Плагин Ant Video Downloader and Player, скачиваемый в среднем по 7 тысяч раз в день, оказался в этом смысле настоящей находкой. Как выяснилось, он не только передавал информацию о каждом HTTP-запросе пользователя на сервер rpc.ant.com, но и был способен делать это в приватном режиме. При установке плагина, разумеется, не выводилось никаких предупреждений о слежке.

При этом каждому пользователю плагин назначал уникальный идентификационный номер, который оставался неизменным даже после удаления и новой установки плагина. Идентификатор можно было сменить только полностью очистив свой пользовательский профиль Firefox, то есть приведя браузер в изначальное состояние - как перед первым запуском. Поскольку вместе с информацией на сервер передавался и этот идентификатор, приватность отсутствовала даже при использовании анонимайзеров.

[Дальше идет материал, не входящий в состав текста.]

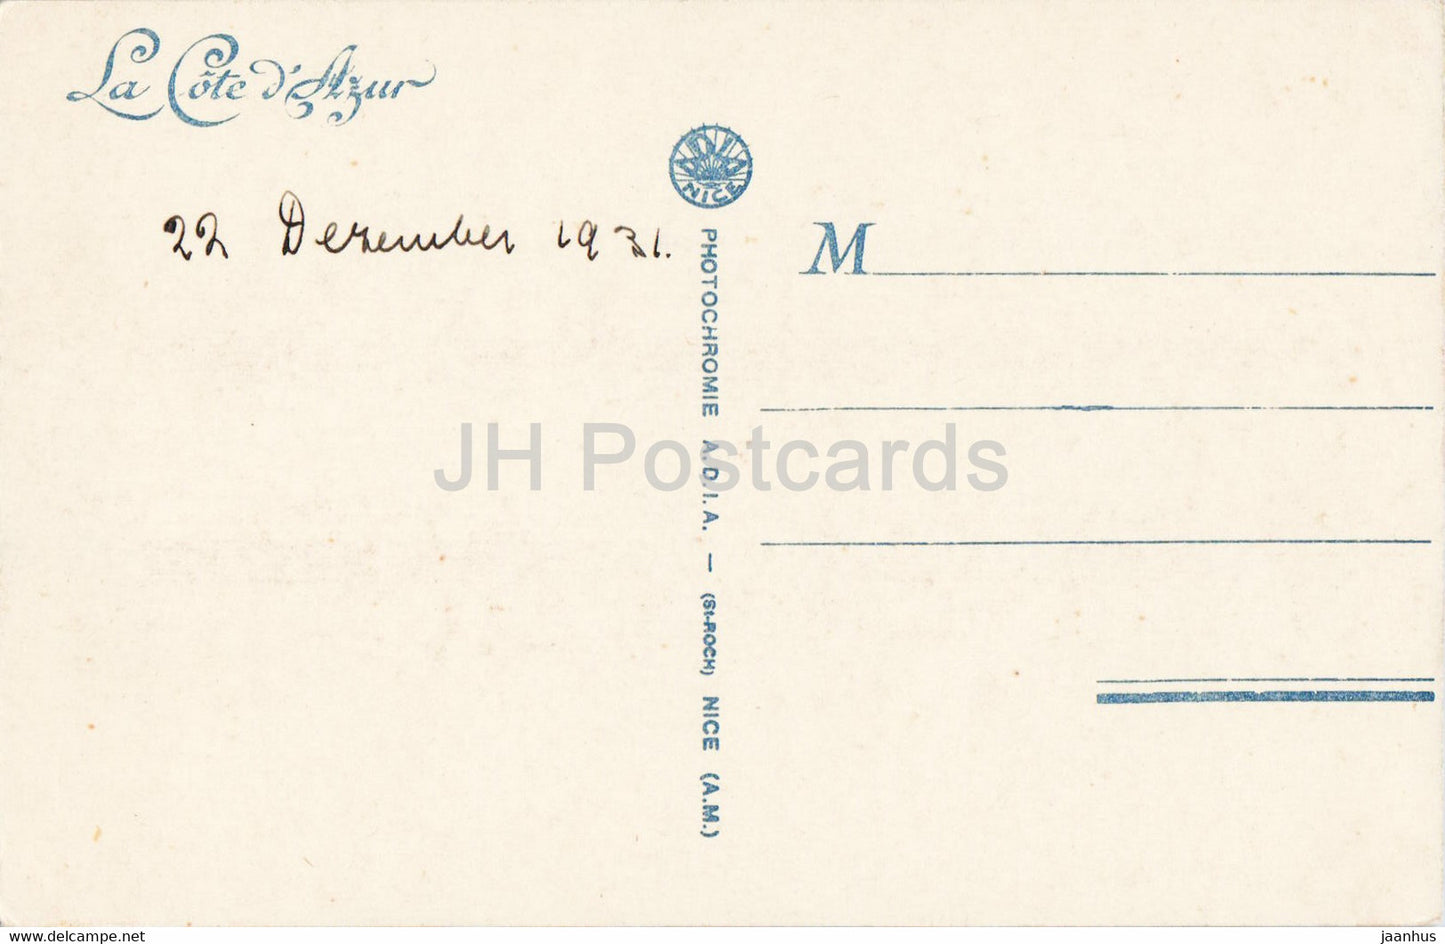 Beaulieu sur Mer - Vue Générale et le Cap Ferrat - 1 - carte postale ancienne - 1931 - France - occasion

Благодаря системе уникальных идентификационных номеров разработчики плагина вполне могли накопить массу интересных сведений с привязкой к конкретным пользователям. Анализируя посещенные пользователем страницы в ряде случаев можно даже вычислить его личность, не говоря уже о его интересах и предпочтениях. А сохраняя и обрабатывая сведения об IP-адресах, с которых выходил в Интернет пользователь с данным идентификатором, можно составить относительно подробную карту его перемещений (в случае использования переносного компьютера).

anti-malware.ru

----------

Надоело быть жертвой? Стань профи по информационной безопасности, получай самую свежую информацию об угрозах и средствах защиты от ведущего российского аналитического центра Anti-Malware.ru:

----------


## valho

Чудные они какие то из мозиллы, это уже было известно 3 года назад

----------